The creme de l creme of waterfront eating — and service
They were locked in embrace. Hot and heavy. A couple, down the back of the Viaduct’s newest restaurant, devouring each other.
I checked the bill. I paid the bill. They were still kissing. I was glad I’d finished eating.
Just before chef Simon Gault opened this restaurant, he told the Herald he wanted patrons to feel like they were in someone’s home. I think he probably meant the dining room, not the bedroom, but it’s the Viaduct, right? Loud and lurid, loose and louche. Anything (and anyone) goes.
In fact, Gault is hedging his bets. Because while his menu rewards hedonists (the “social feasts” sometimes run to an entire baby pig) you can also bring your children here for a $28 kids’ TV dinner (two types of chips, two types of pasta and a treat on a tray).
We were three grown-ups, including a visitor from New York.
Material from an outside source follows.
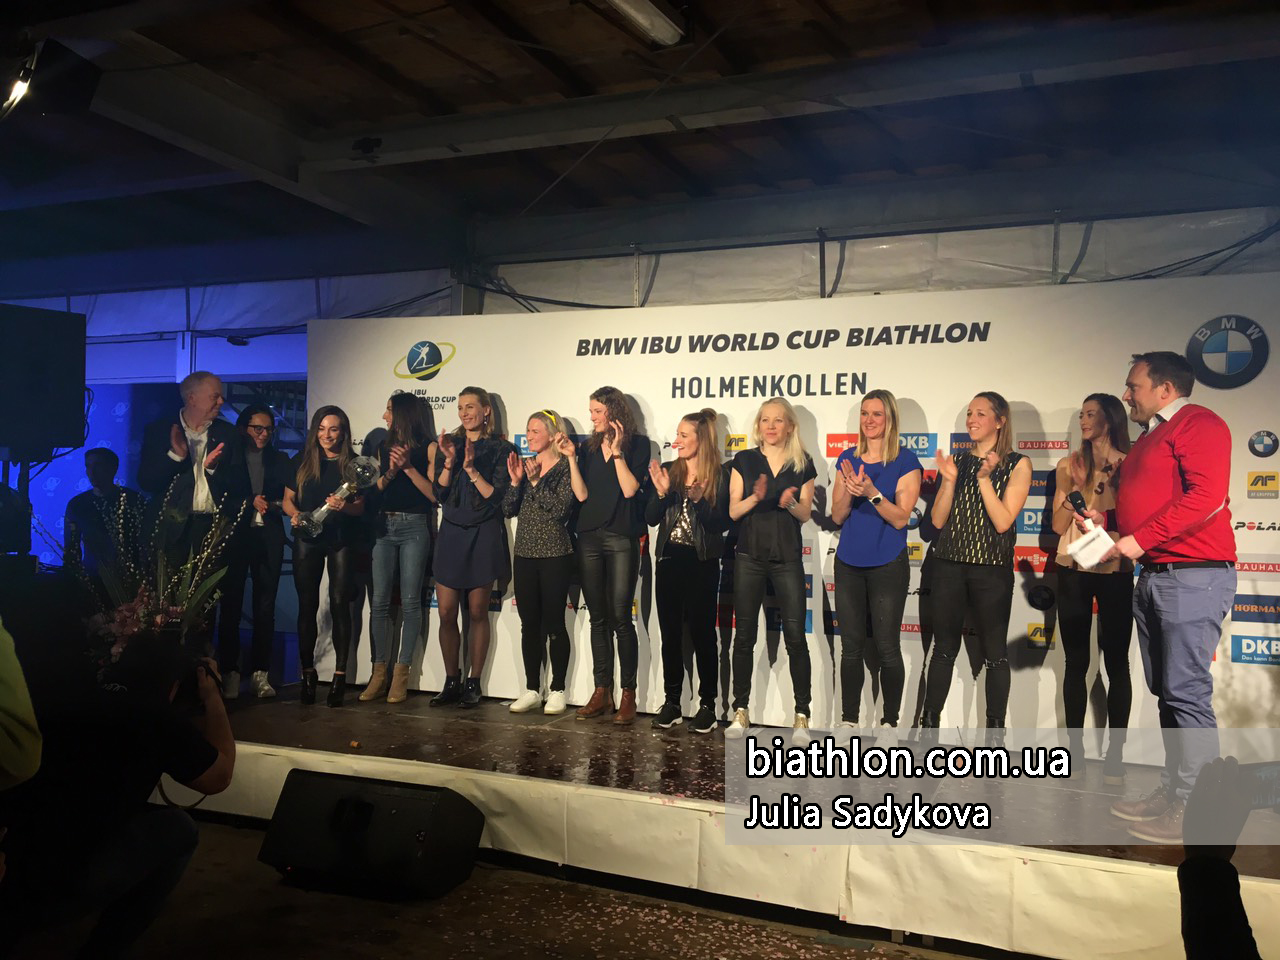 https://www.biathlon.com.ua/uploads/2019/99307.jpg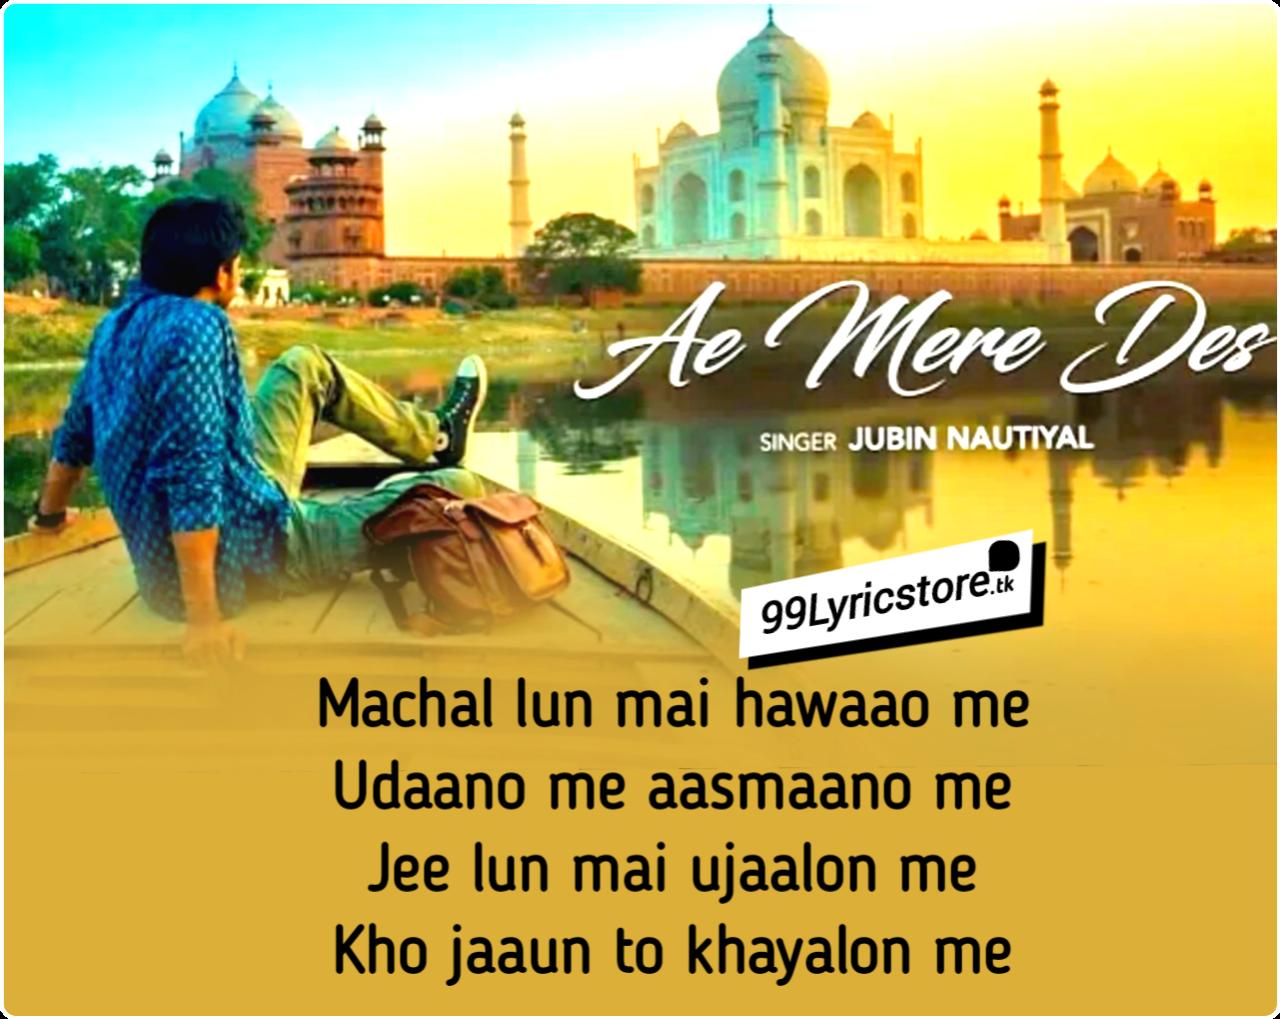 Ae mere des Lyrics , Ae mere des JUBIN Nautiyal Lyrics , JUBIN NAUTIYAL Ae Mere Des Lyrics , Lalit Prabhakar Song Are mere des Lyrics  ,JUBIN NAUTIYAL Song Lyrics , Ae mere des T-Series Lyrics , latest Hindi song lyrics  2018

She liked the discreet silver fern motif carved into the wooden tabletops, but raised a serious eyebrow when the waitperson who brought our desserts pulled up a chair and launched into an extraordinarily detailed description of everything on our plates, his fingers jabbing perilously close to the food.
“Is that normal?” asked our guest. “I hope not,” I replied.
Until then, the service had been splendid. It included tips on the best times to visit Auckland Art Gallery (daily guided tours at 11.30am and 1.30pm) and invaluable ordering advice.
Listen closely when you’re told the “cold” and “hot” dishes are on the small side. The “staff chicken”, for example, was as plump and succulent as a baby’s palm — and about the same size. Under guidance, we supplemented it with a dish of crunchy deep-fried chicken ($15) from the bar menu.
Start with a “chef’s snack” because it’s bound to be interesting (the week before our visit, the list had included pig’s tails).
Beef tendon crackers? A time-intensive piece of gastronomic magic in which connective tissue is made delicious via soaking, cooking, pressing, slicing, dehydrating and deep-frying ($9).
Smoked kahawai butter? That’s actual butter, sweet with fish, earthy with turmeric, served on a river stone and excellent with a plate of unadorned raw root vegetables ($14).
I very much liked the trevally crudo ($28) that pitted satiny fish against the toothy chew of marinated shiitake mushrooms and, I think, a splash of grapefruit. It was the lightest of everything we ate from a menu that was creamier than a bridal boutique.
The delicately delicious Waikanae crab ($32) was soaked in creme fraiche, with pops of jalapeno and an extra crash of the ocean from waving bonito flakes.
Pinched ravioli ($32) was plump with shredded, milk-braised pork shoulder and sat in a creamy puddle. The pasta was thicker than I’m used to, but Gault says that’s intentional — the dough calls for 16 egg yolks per 300g of flour.
Vegetable sides further indulge the C-word. There is creamed spinach and creamed butternut and a potato gratin that, I’m betting, also contains cream. We ordered plain charred broccolini ($12) and triple-cooked chips ($15).
The latter arrived, fence-post thick, individually wrapped in pancetta, deep-fried in duck fat, and blobbed with smoked ricotta. Best chip in Auckland? I would definitely eat them again (and again).
And so to those desserts (all $16) and that waitperson. Left to our own devices, we probably could have figured out the rice pudding contained rice and the chocolate pudding contained chocolate. Maybe some people like the personal touch, but I just wanted him to get his hands away from my plate. The brulee won the table’s vote, and the rose-scented, oozy-centred chocolate cake came a close second. The rice pudding sat alongside an exquisite earl grey tea sorbet, but the main point of the dish was dull and gluggy. Maybe it needed more cream?.